Recent advances in long-read sequencing technologies have offered the scientific community exciting opportunities in closing the gaps in the reference human genome.

        Pacific Biosciences single-molecule real-time (SMRT) sequencing and Oxford Nanopore Technologies (ONT) sequencing are two emerging platforms in the field (Logsdon et al., 2020). Whereas PacBio SMRT sequencing profiles sequences by utilizing the fluorescent signals emitted from newly incorporated nucleotides as the readout, ONT sequencing decodes the identity of individual base by noting the changes of electric current as it transverses through the nanopore (Figure 1). With a read-length of more than 100 kilobases, both platforms have significantly increased the length of mappable continuous sequences (contigs) generated per run, which in turn fostered communal efforts in demystifying the gaps.

        PacBio SMRT sequencing and ONT sequencing have already resolved some of the gaps in the human genome. In 2015, Chaisson and colleagues employed PacBio SMRT sequencing to resolve the complete sequence of numerous euchromatic gaps in the human genome (Chaisson et al., 2015). Later in 2018, Jain et al. performed de novo assembly of human genome using ONT sequencing reads (Jain et al., 2018). These seminal studies have provided a proof-of-concept on the feasibility and utility of long-read sequencing technologies in completing the reference human genome.
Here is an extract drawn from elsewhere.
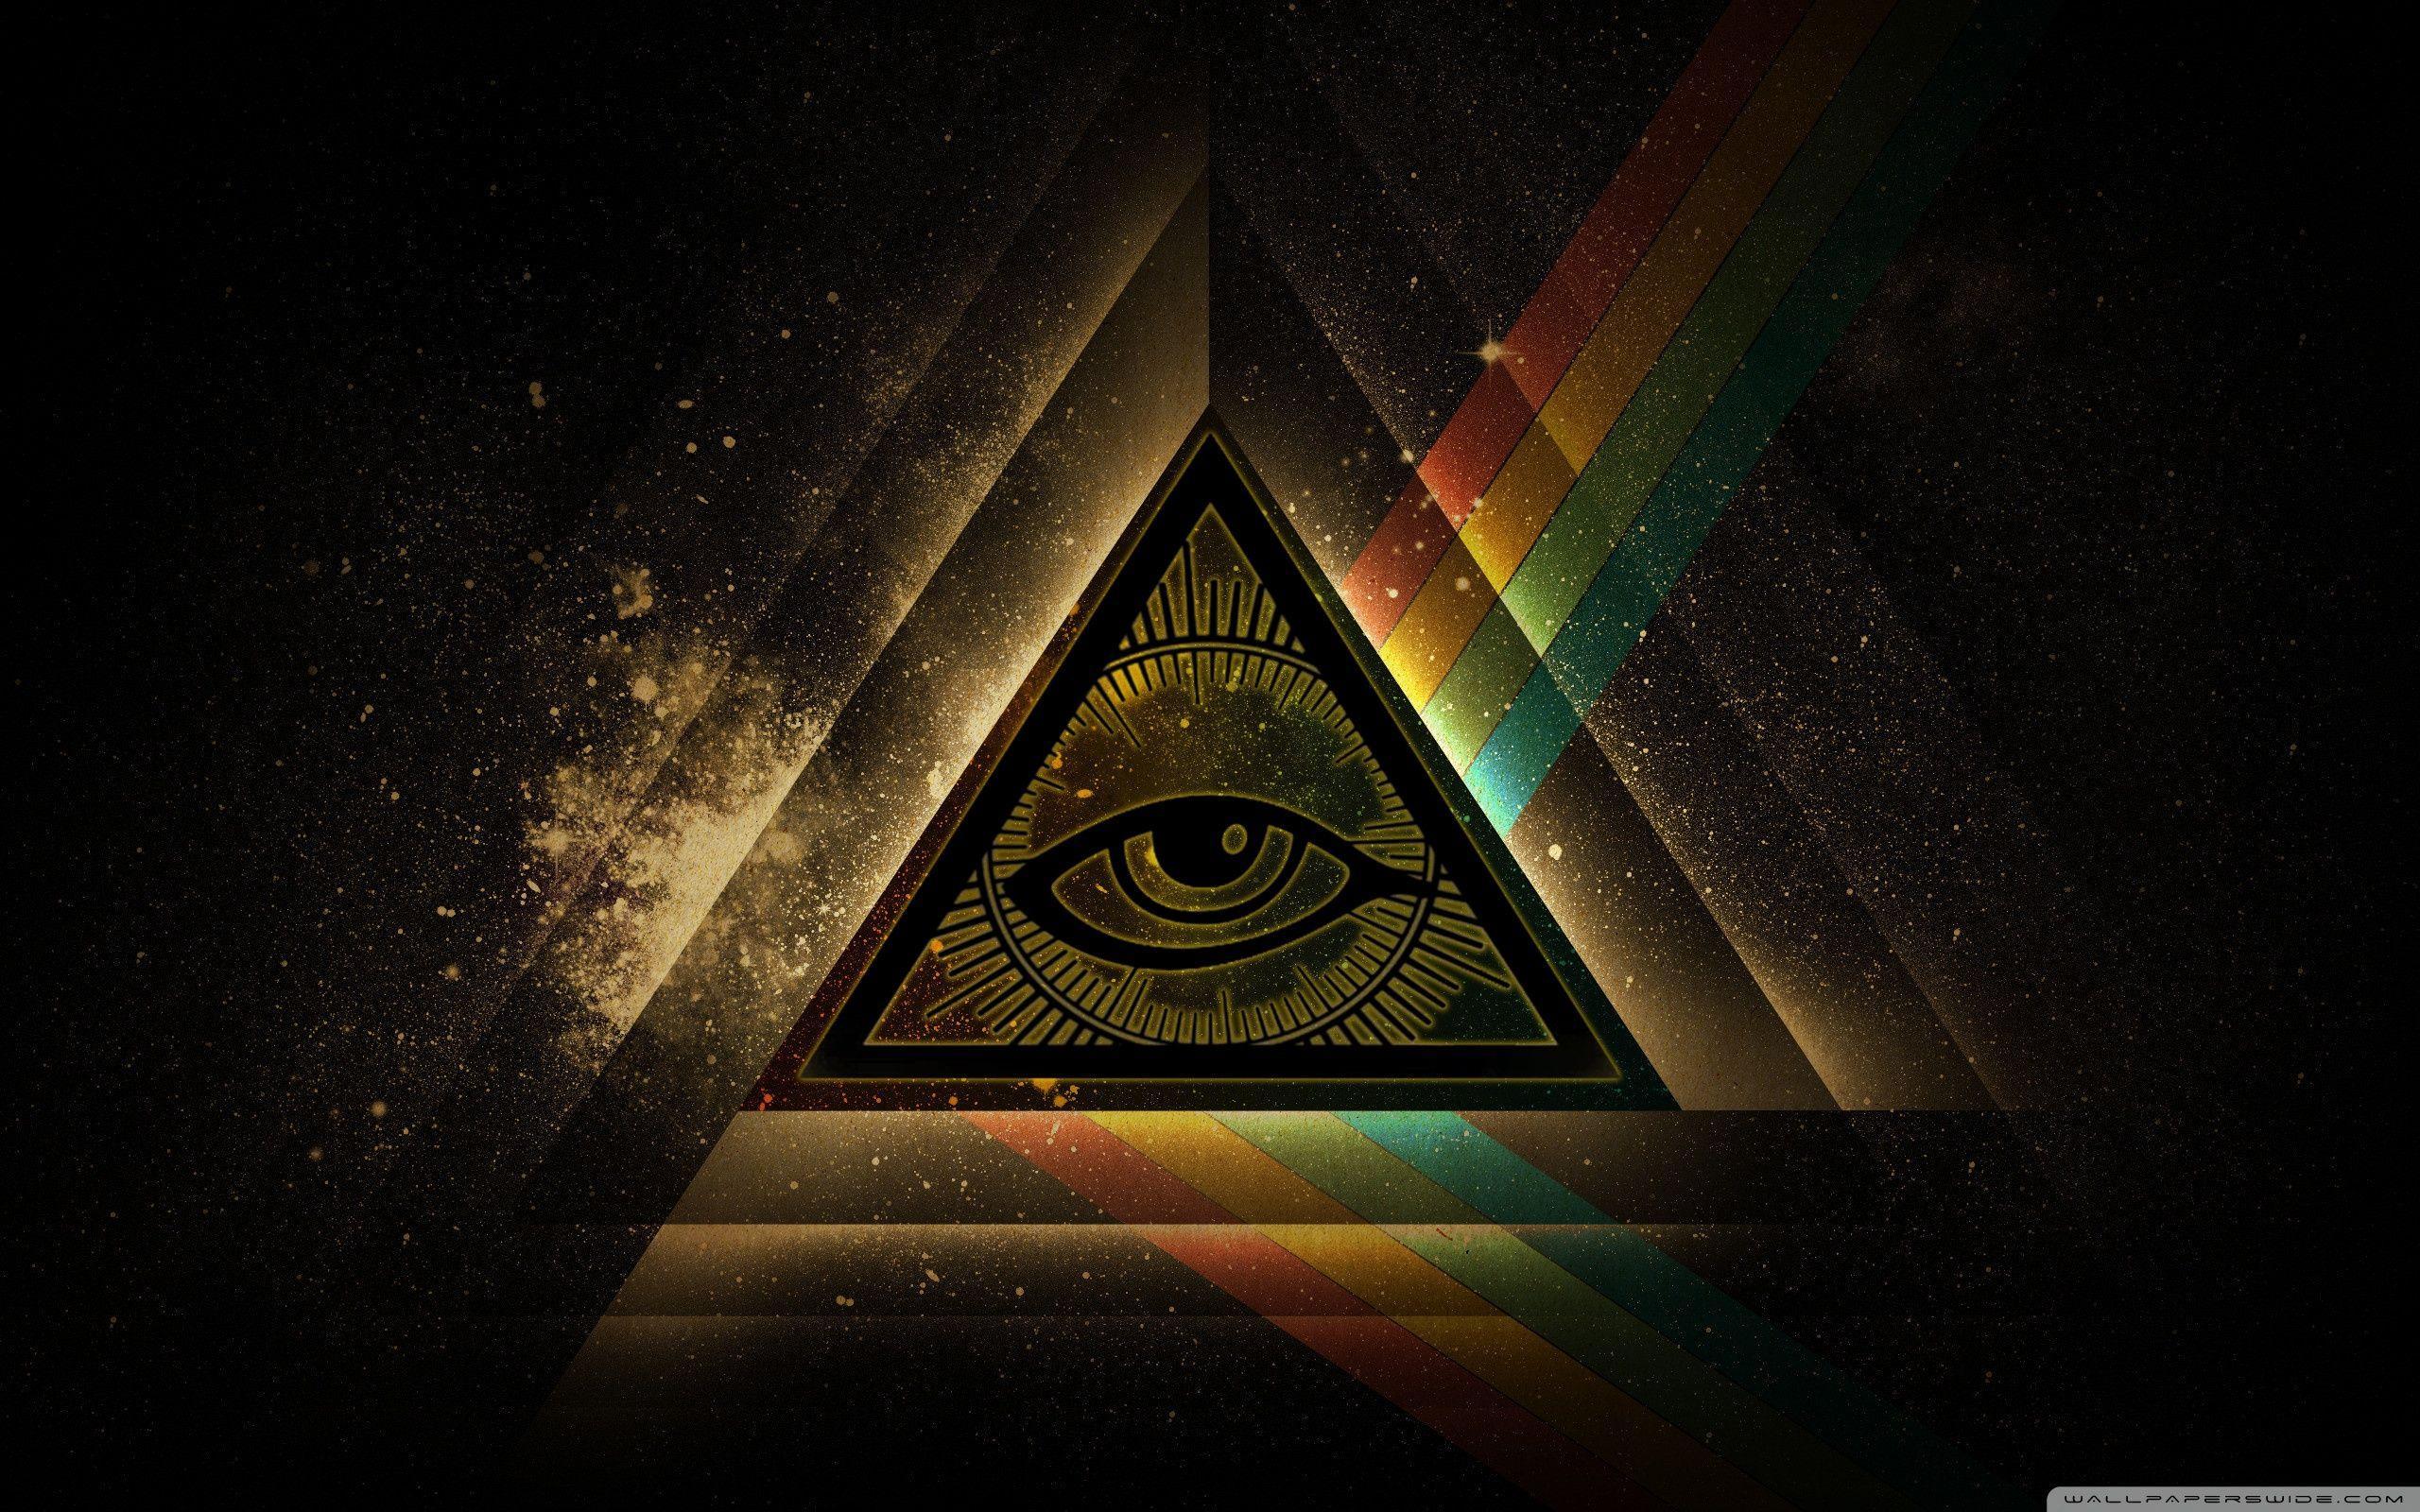 Eye Of Horus Wallpapers Top Free Eye Of Horus Backgrounds Wallpaperaccess

Figure 1. PacBio single-molecule real-time (SMRT) sequencing and Oxford Nanopore Technologies (ONT) have characteristic sequencing chemistries and sequence detection approaches. A: adenine; C: cytosine; G: guanine; T: thymine; dNTP: deoxynucleoside triphosphate. Adapted from Logsdon et al., 2022.

Charting the uncharted

Aiming to create a seamless human genome, the Telomere-to-Telomere (T2T) Consortium have combined the merits of both PacBio SMRT sequencing and ONT sequencing to chart the entire genetic blueprint using CHM13hTERT as a model cell line. CHM13hTERT is derived from a complete hydatidiform mole (CHM) and transformed with the human telomerase reverse transcriptase gene. Having a duplicated paternal genome (46, XX) and no observable chromosomal abnormalities, the cell line serves as an ideal, single haplotype model for genome assembly.
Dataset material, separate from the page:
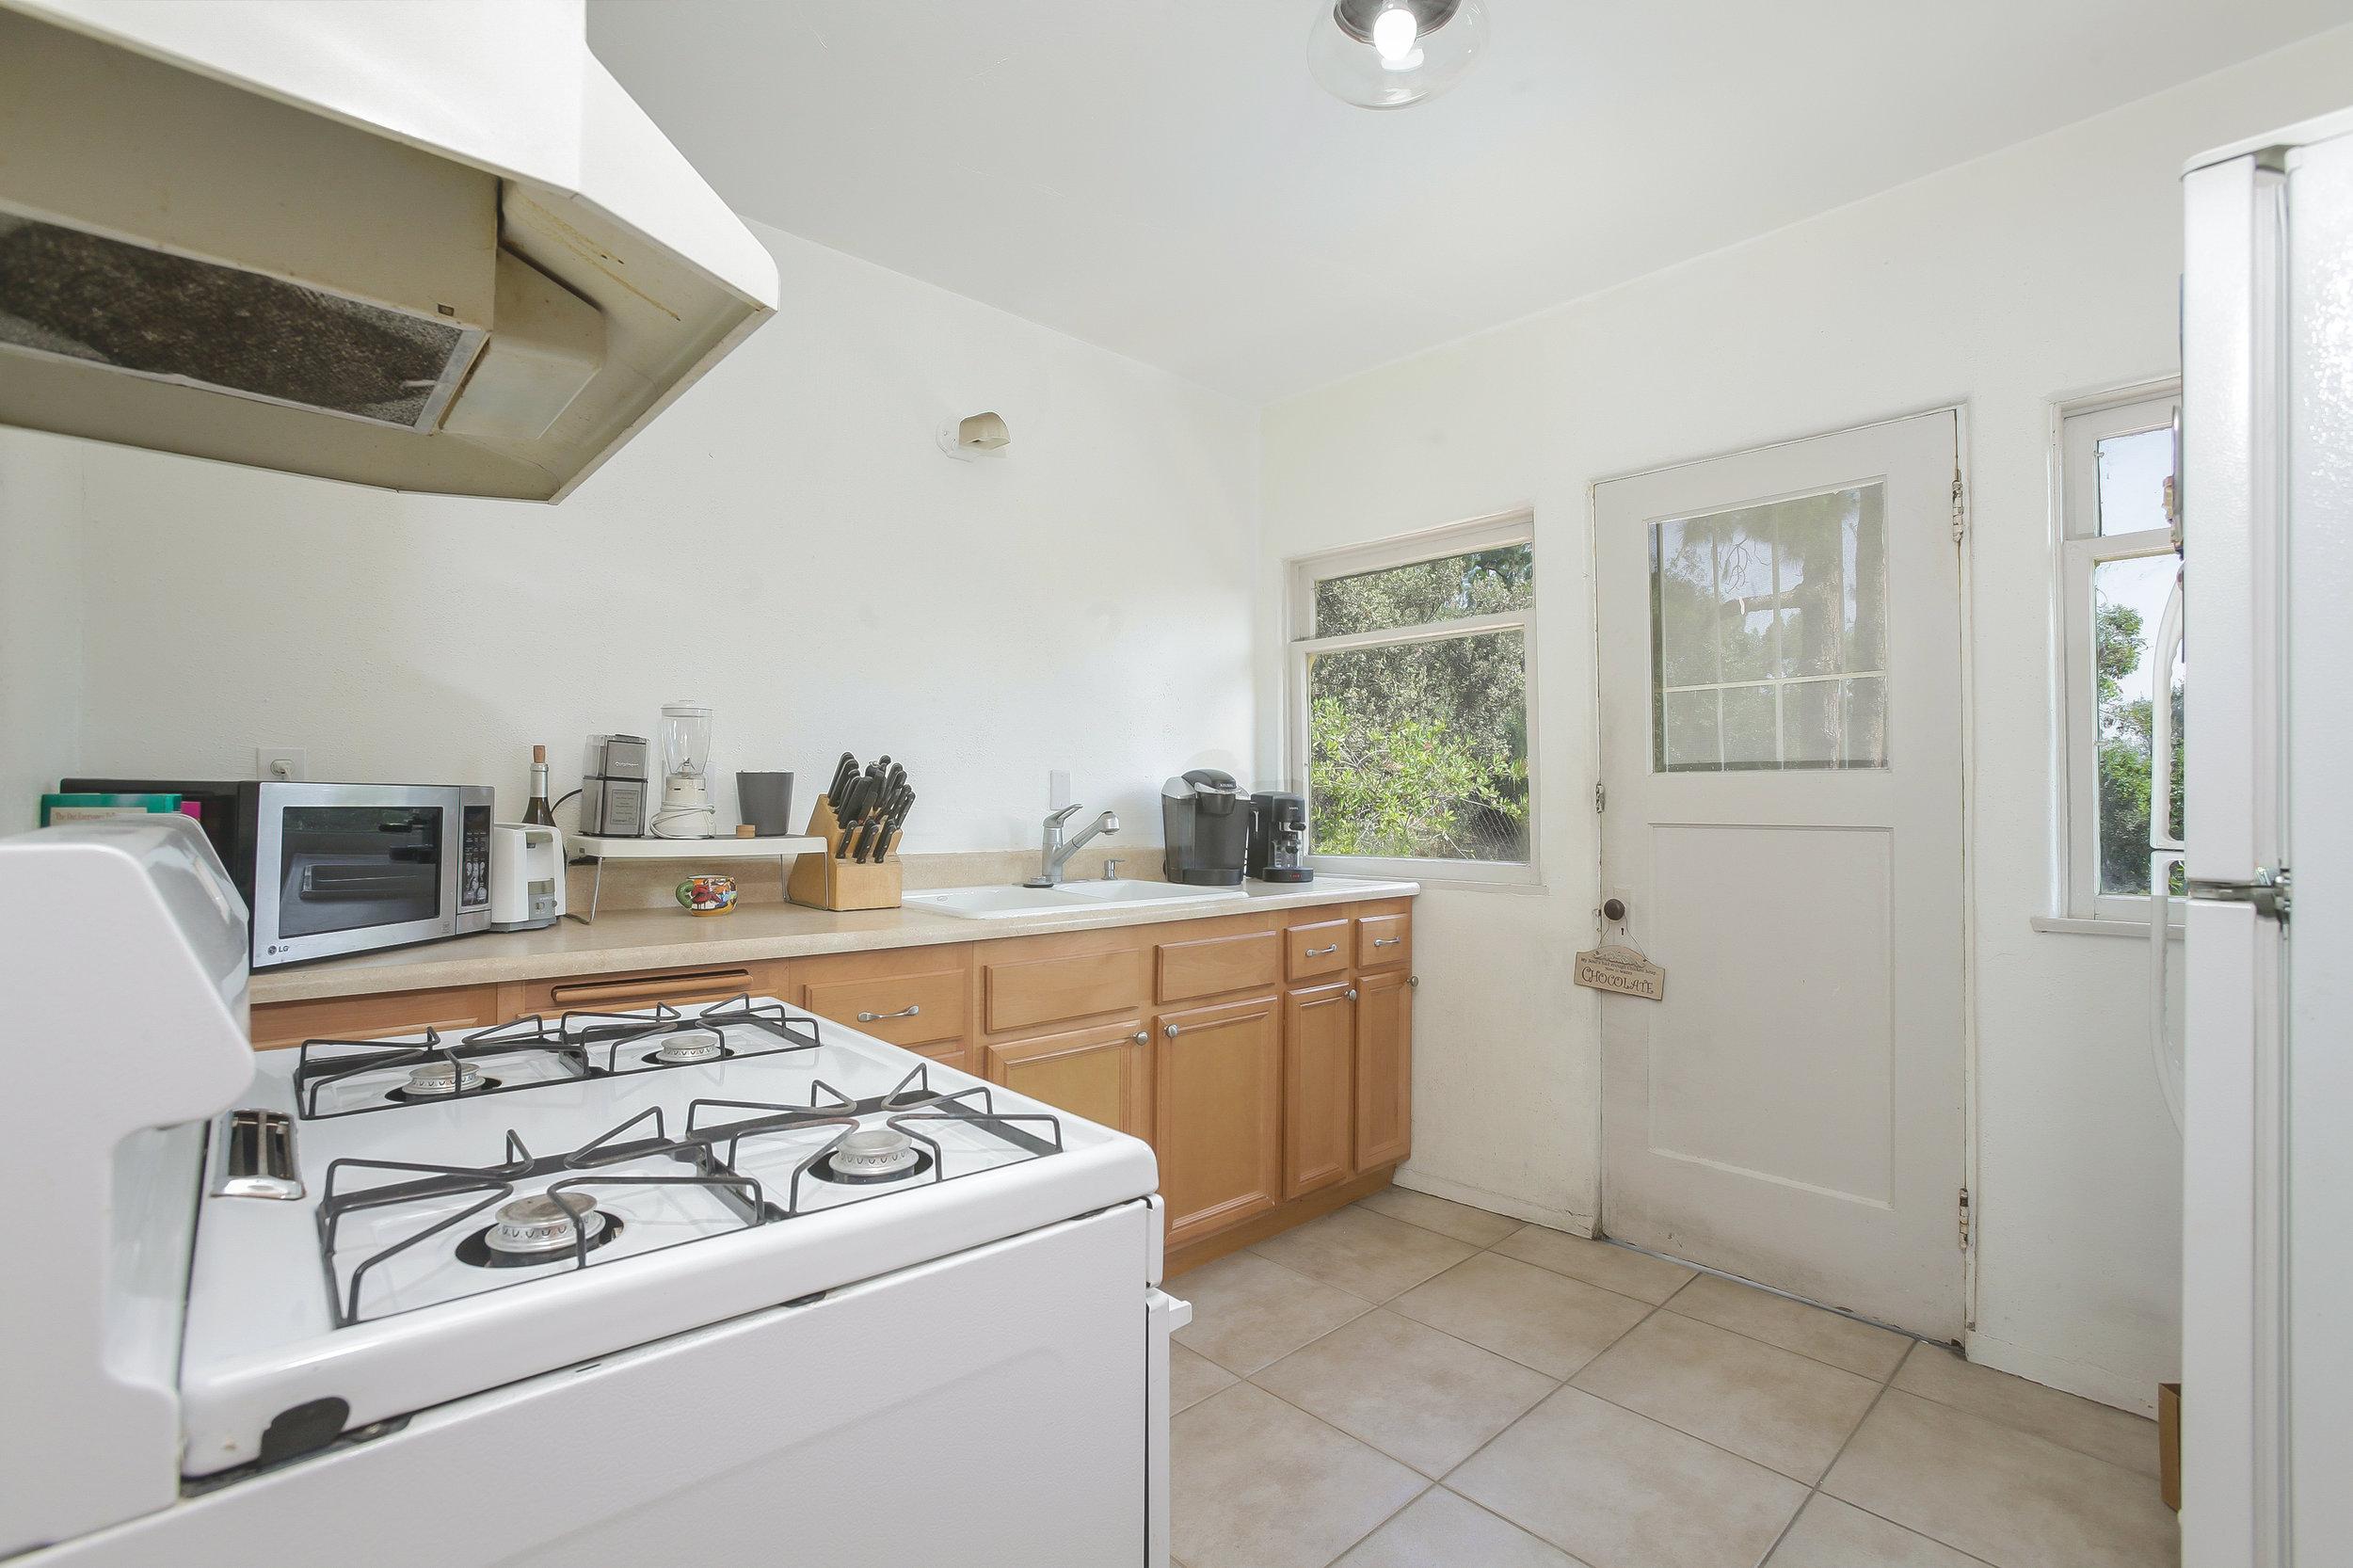 029-Kitchen-4526147-large.jpg

        Since the launch of the project, the T2T Consortium has successfully filled in the gaps of chromosome X (Miga et al., 2020), chromosome 8 (Logsdon et al., 2021), and more recently, the entire haplotype of CHM13hTERT cells (Nurk et al., 2021). In addition to the gaps, the consortium has also introduced 200 million new bases – roughly the length of the entire chromosome 3, of which 75-90% are repetitive sequences (Nurk et al., 2021). Using the gapless T2T-CHM13 genome assembly, researchers have already started investigating the epigenetic signatures and genetic variations of repetitive elements within gaps (Altemose et al., 2021; Gershman et al., 2021; Hoyt et al., 2021).

        Moving forward, the T2T Consortium has also set out to sequence the chromosome Y from HG002 (GM24835), a diploid male lymphoblast cell line with normal karyotype (46, XY). Capitalizing on the success of CHM13hTERT, the consortium is also working actively with the Human Pangenome Reference Consortium (HPRC) to generate haplotype-phased genomes from more than 350 individuals representing different ancestries (Figure 2). It is envisaged that the generation of a reference pangenome that captures the diversity of human genetic variation will enable less biased and better-informed genomic and epigenomic studies (Miga and Wang, 2021).

Figure 2. The Human Pangenome Reference Consortium (HPRC) is a team-oriented initiative that solicits multi-disciplinary collaborations. Adopted from Miga and Wang, 2021.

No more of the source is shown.